气氛紧张到近乎凝固,苏炎炎的脸上也如凛冬已至,寒冰冻结。
她的目光在夏景昀和秦璃身上掠过,又看了一眼桌上的菜肴,转身直接朝外走去。
而在她迈步之时,瞧着苏炎炎进来,当一种横刀夺爱的局面被营造成了事实时,秦璃的脸颊一红,也直接起身朝另一边走了出去。
“诶?”
夏景昀懵了,怎么都走了?
他连忙伸手拉住了秦璃。
苏炎炎刚刚走出去两步,忽然停了下来。
她的脑海中,闪过这半年多一个个日夜的憧憬,难道就这么算了吗?
就算是真的要断了这份情,也要以赢家的身份放弃,不能以弱者的身份逃避!
认输而走,不是她苏炎炎的行事之风!
她转过身,走到桌边坐下。
看着匆匆松开手的二人,忽如一阵春风吹过,苏炎炎的脸上如同凛冬寒冰消融,开出一片和煦春光,看着秦璃,如老友重逢般微笑道:“有些年没见妹妹了,倒不曾想到,妹妹如今长了个子,美了姿容,腿脚也变得这般快了呢!”

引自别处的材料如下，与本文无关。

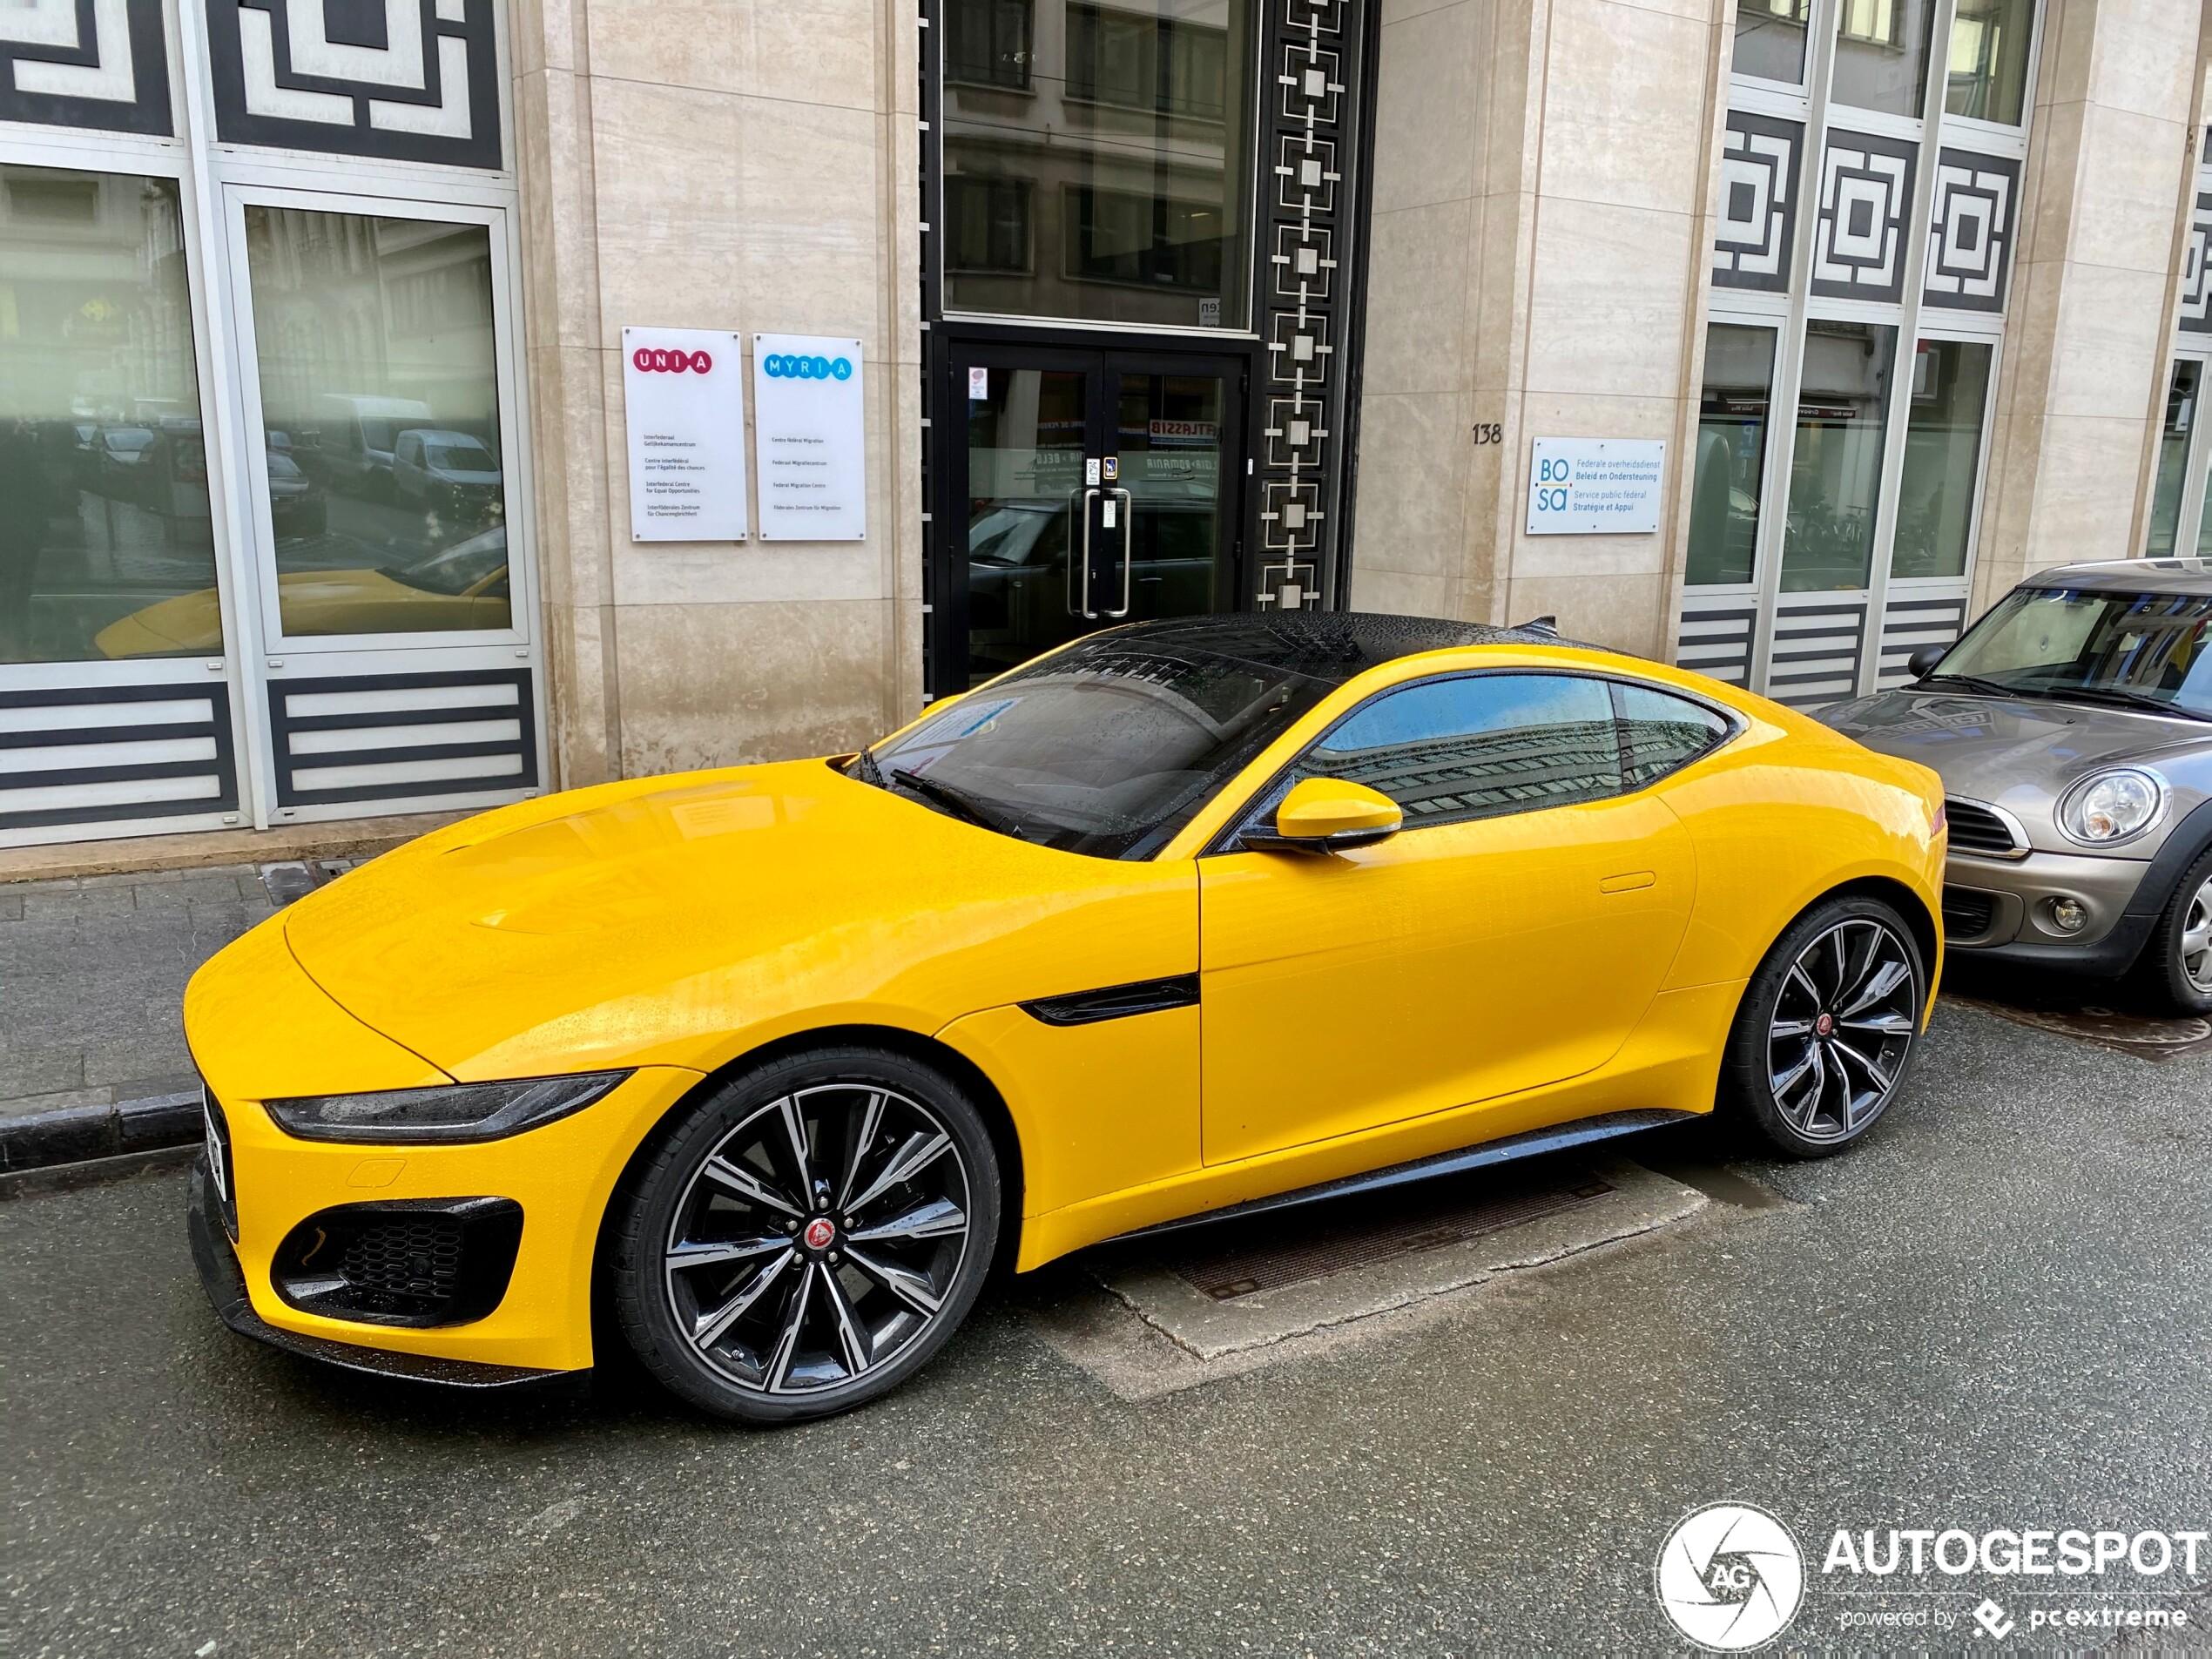 Jaguar F-TYPE R Coupé 2020 - 11 Mrz 2020 - Autogespot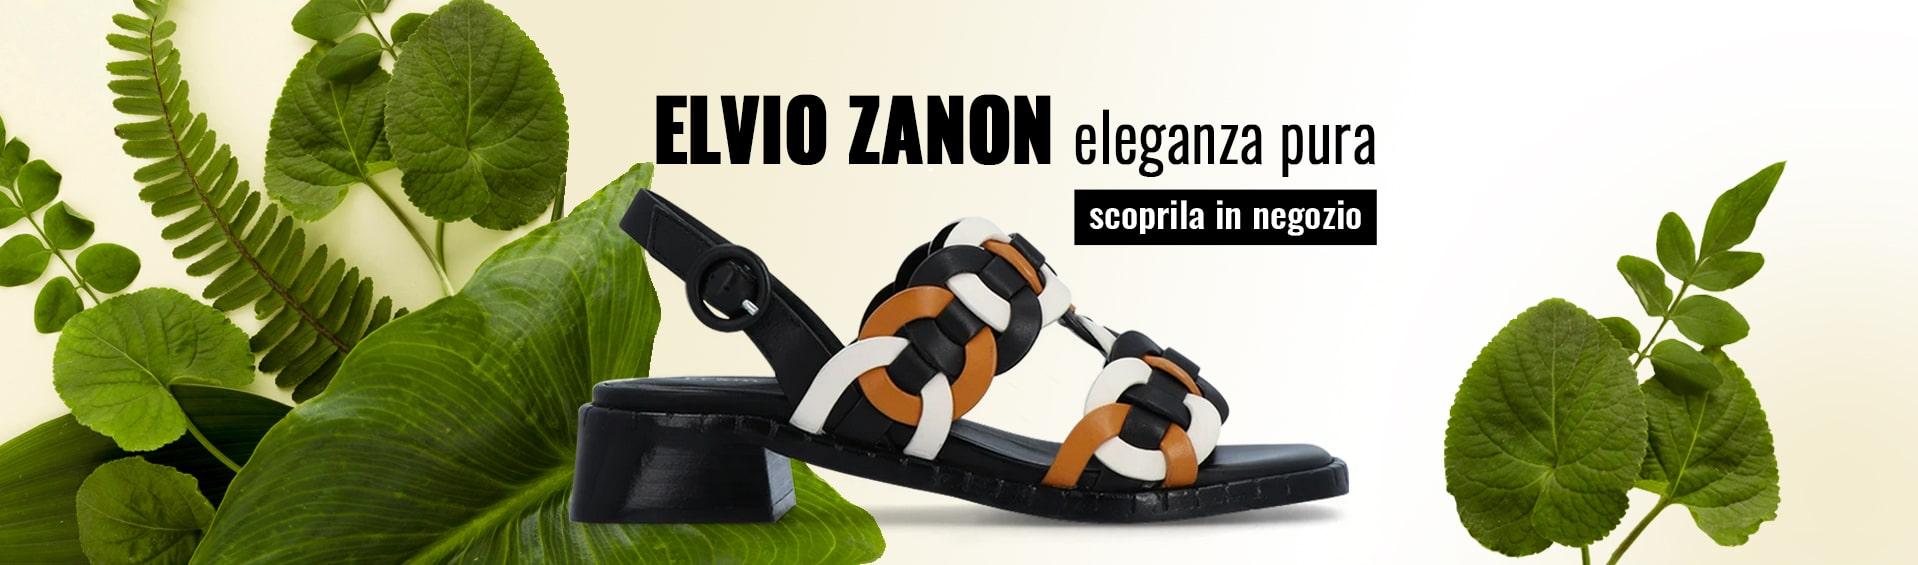 Elvio-Zanon-collezione-2021

秦璃在片刻的慌乱和心虚之后,被苏炎炎这么一嘲讽,反倒调整过来了心情。
她又不曾主动去横刀夺爱,为何要把自己放在一个弱者的地位上。
能者居之,这是秦家一贯的行事之风,奇货可居,只要不违道义,哪儿有拱手让人的道理。
苏家当初自己要故作矜持,未曾有过任何明面上的定论,自己又何必自己给自己戴上道德枷锁。
于是,她也坐了下来,笑容亲切,“姐姐远道而来,想必路上赶得急,我看你脸上颇有疲惫,我命人备点清水,先行梳洗一番?”
苏炎炎微笑摇头,“不必了,我怕我一起身走了,这椅子又被别人坐了。”
秦璃面不改色,附和点头,“这倒也是,这椅子上也没写名儿,别人到了自然就坐下了,到时候也不好叫人家起来。”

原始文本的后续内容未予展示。